I like the way Google Chrome syncs bookmarks to your account…but I guess I want different bookmarks at work than at home.  Had to disable syncing of bookmarks at work.

cattails, Blockbuster, low end videocard

A few miscellaneous things…

We went walking along the Rio Grande near Tingley Beach the other day and I had forgotten how cattails can be explosive when they’re ripe.  Sean was having fun with the fuzzy ‘splosions.  In case you’re unfamiliar with Albuquerque, “Tingley Beach” is just some ponds near the river.  The model yacht club sails their boats there on Saturdays and the geese are all over the place.  Between the main ponds and the river are a couple of secret ponds with lots of neat plants and a little swampy mud pass area for the kids to fall into.

We tried Blockbuster instead of Netflix.  It seemed nice because they offered games for the same price.  Unfortunately, they’re so incredibly slow that it’s not even worth it.  There are no Blockbusters in Albuquerque to do the “manual trade-in” anyway.

There is nothing sadder for a PC gamer than to have to buy a low-end video card.  In our media PC, the PCIe x1 slot for the TV card and PCIe x 16 slot for the video card are right next to each other.  So, the cards are right up against each other…giving little ventilation to the video card and a very short life.  Thus, I ran out to Best Buy the other night to buy a low-end video card to replace it.  How many polygons per second?  Who cares?  It’s just a video card that does the minimum…wasting away there.

 

RealFlight

We happened to be near an R/C hobby shop yesterday so we went in.  They had a PC with RealFlight R/C flight simulator set up.  It was really neat to be able to fly an R/C plane, crash it,  reset, and try again.  It had a real R/C controller.  I assume it can simulate harsh New Mexico desert winds.  Unfortunately, the price is $100 for the most basic version.  I think you can get a cheap battery-powered plane for that much.  As long as you don’t crash it, it’s more cost effective.  I wonder if those trick R/C helicopter pilots practice with this software.
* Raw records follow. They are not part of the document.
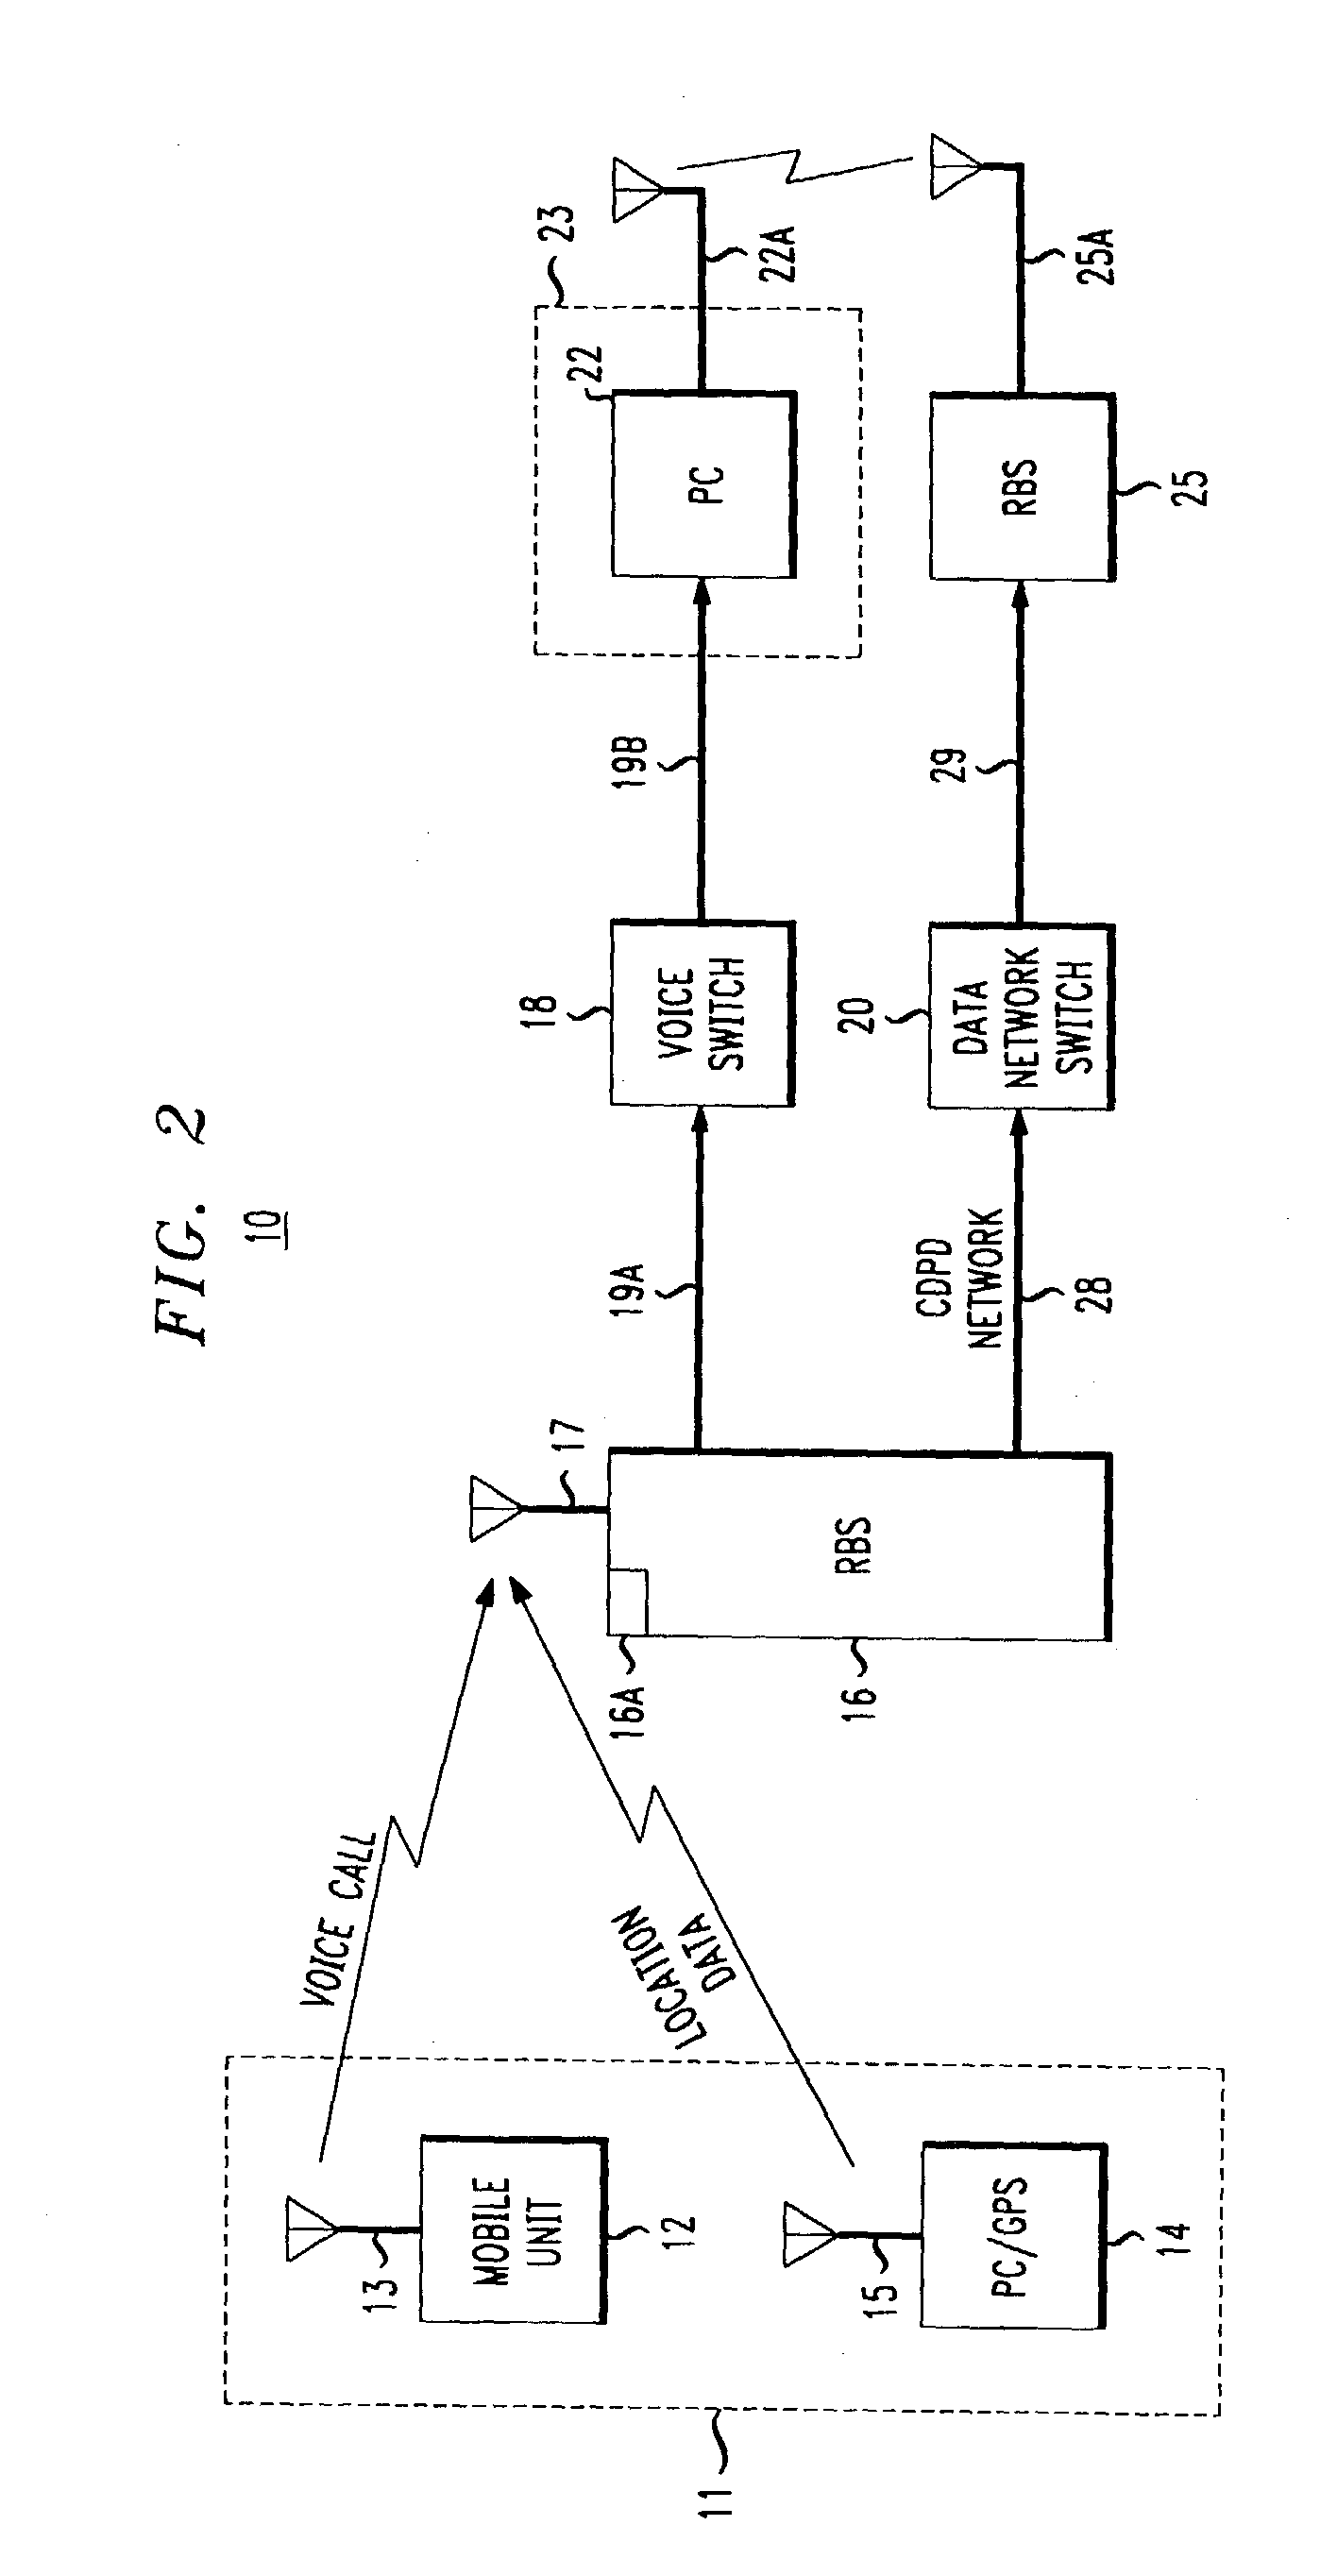 Method and system for optimizing performance of a mobile communications system
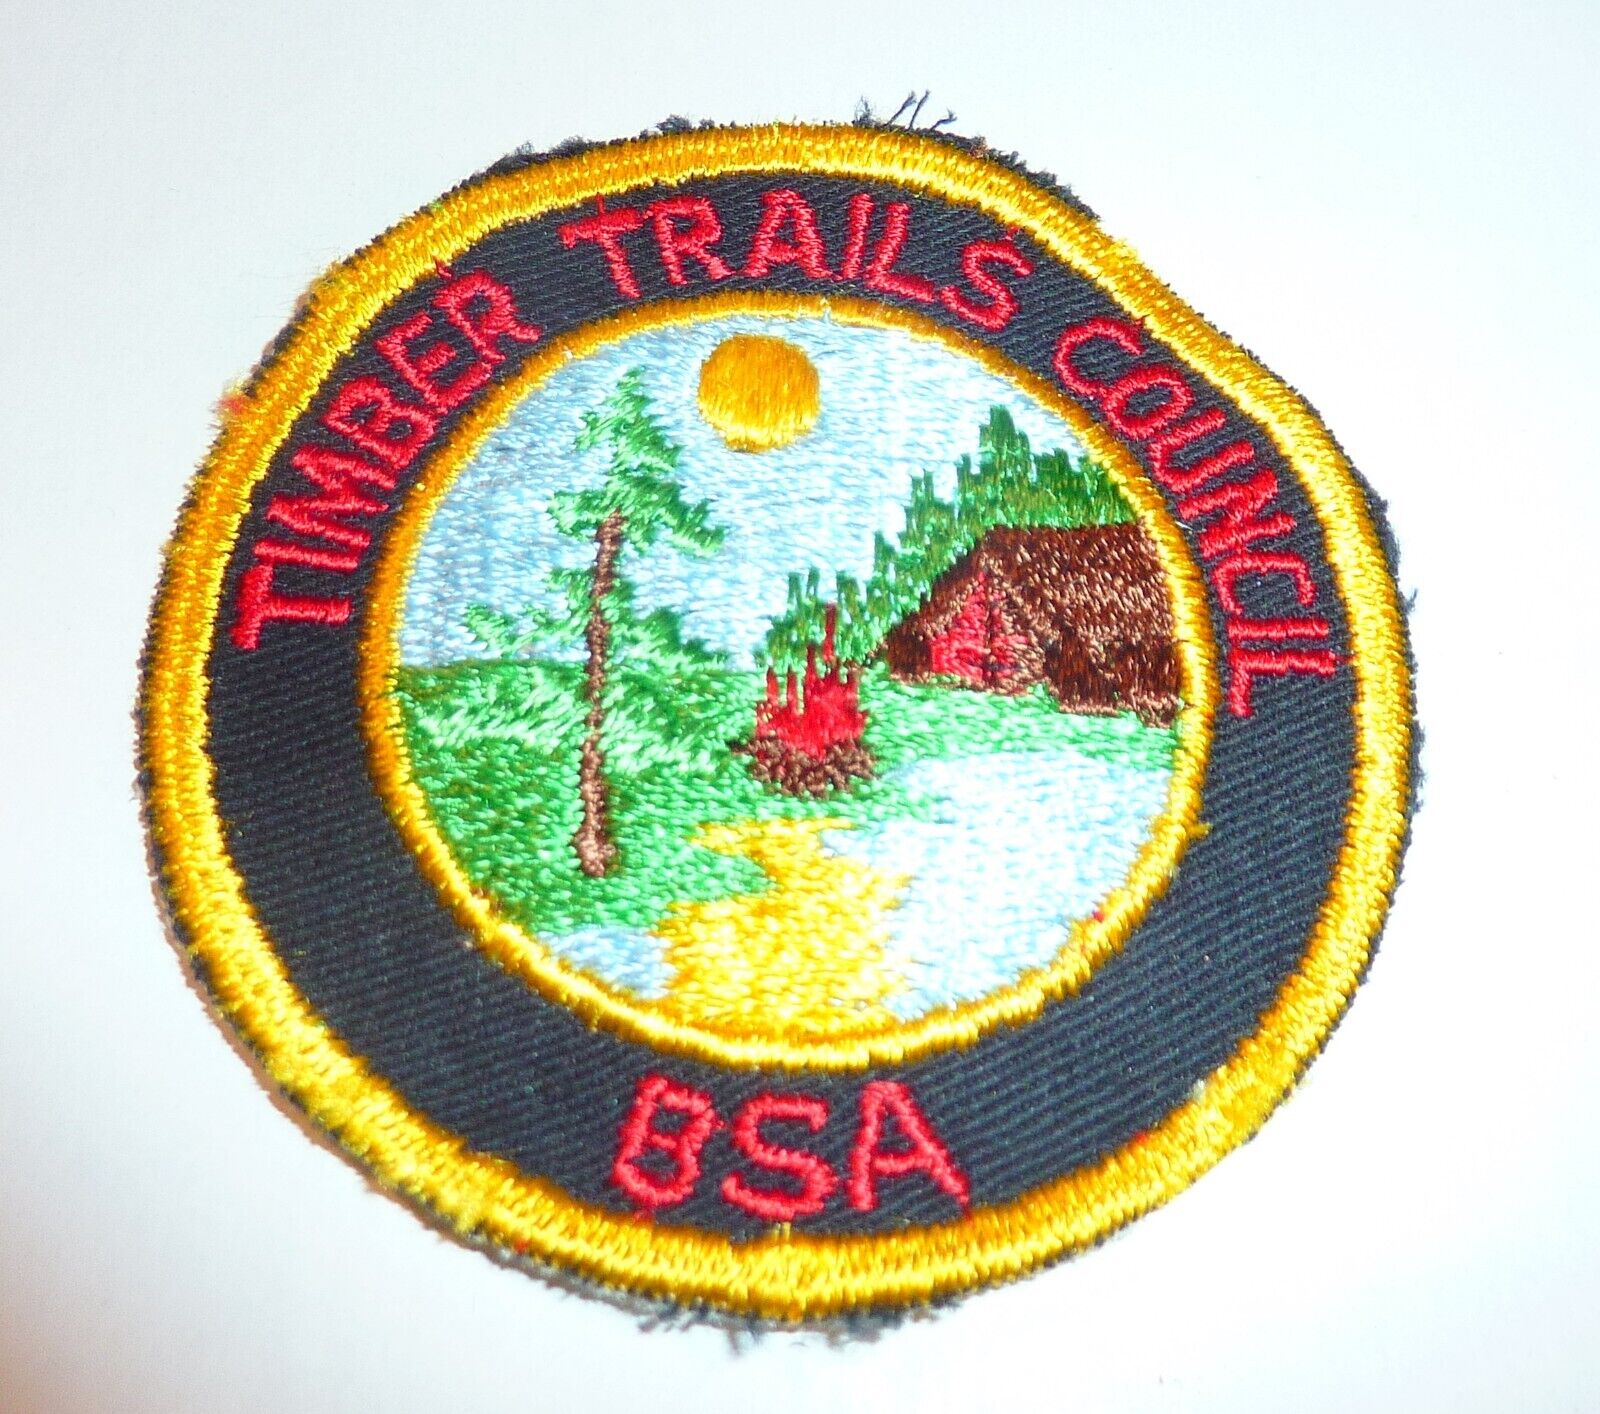 1960s Vintage Boy Scouts Patch  Great Condition  Timber Trails Council  CPICS
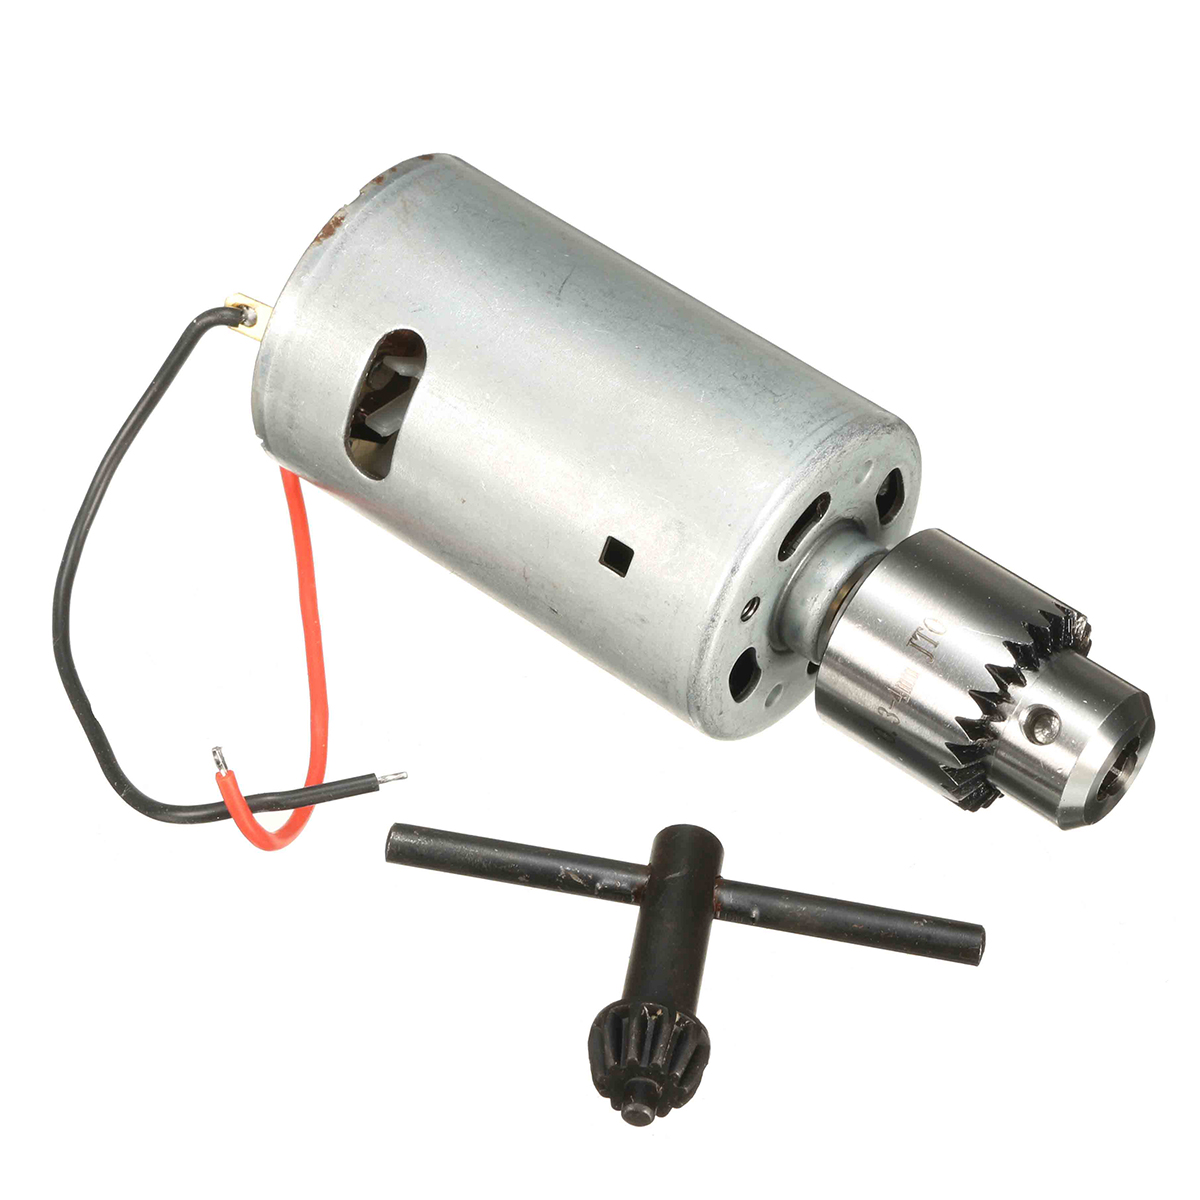 DC-12V-24V-555-Motor-For-DIY-Electric-Hand-Drill-With-JT0-Chuck-1117553-1

Comcast bundling no longer worth it.

We had the basic limited cable package from Comcast, which gives us a $15 discount on our internet.  Unfortunately, after taxes and fees, the cable TV package costs $16.01.  So, they’ve lost any incentive to even buy the minimal cable.  (We only bought it for the discount anyway.)  I called up to cancel, and they offered a discount that they claim will be temporarily cheaper.  They’re hoping I forget to call back after the discount goes away to cancel, but I won’t.

sponsored by Android

Vanessa and I got into the $25 a month Virgin mobile no-contract plan with 300 minutes of talk and unlimited internet.  We scurried to get Android phones as this deal is going up to $35.  (I see that people are still getting the hidden $25 plan as of today.)  I don’t think phone companies that force you to continue as a customer with a contract can compete anymore.  You can get 400 minutes of voice for $20 a month without a contract.  Yeah, you have to buy the phones, but it’s still cheaper in the long run.

We are also using Google Voice.  It’s a free service where Google assigns you a phone number and it becomes your “one phone number to rule them all”.  It can forward to any other phone number or several at once.  You can do free text messaging and it even attempts to turn voicemail into text.

Anyway, we’ve had a blast playing with Android.  Now I understand why some people post pictures to facebook and other places so much…it’s very easy if your camera can just upload it after you take the picture.

There are phone apps (programs)  for just about anything: home automation, social, navigation, flashlight, streaming music, games, and wi-fi analyzer.

Another fun part of Android is voice commands.  Tap the little microphone on the home screen and speak any of these commands:

  • send text to [contact] [message]
  • listen to [artist/song/album]
  • call [business]
  • call [contact]
  • send email to [contact] [message]
  • go to [website]
  • note to self [note]
  • navigate to [location/business name]
  • directions to [location/business name]
  • map of [location]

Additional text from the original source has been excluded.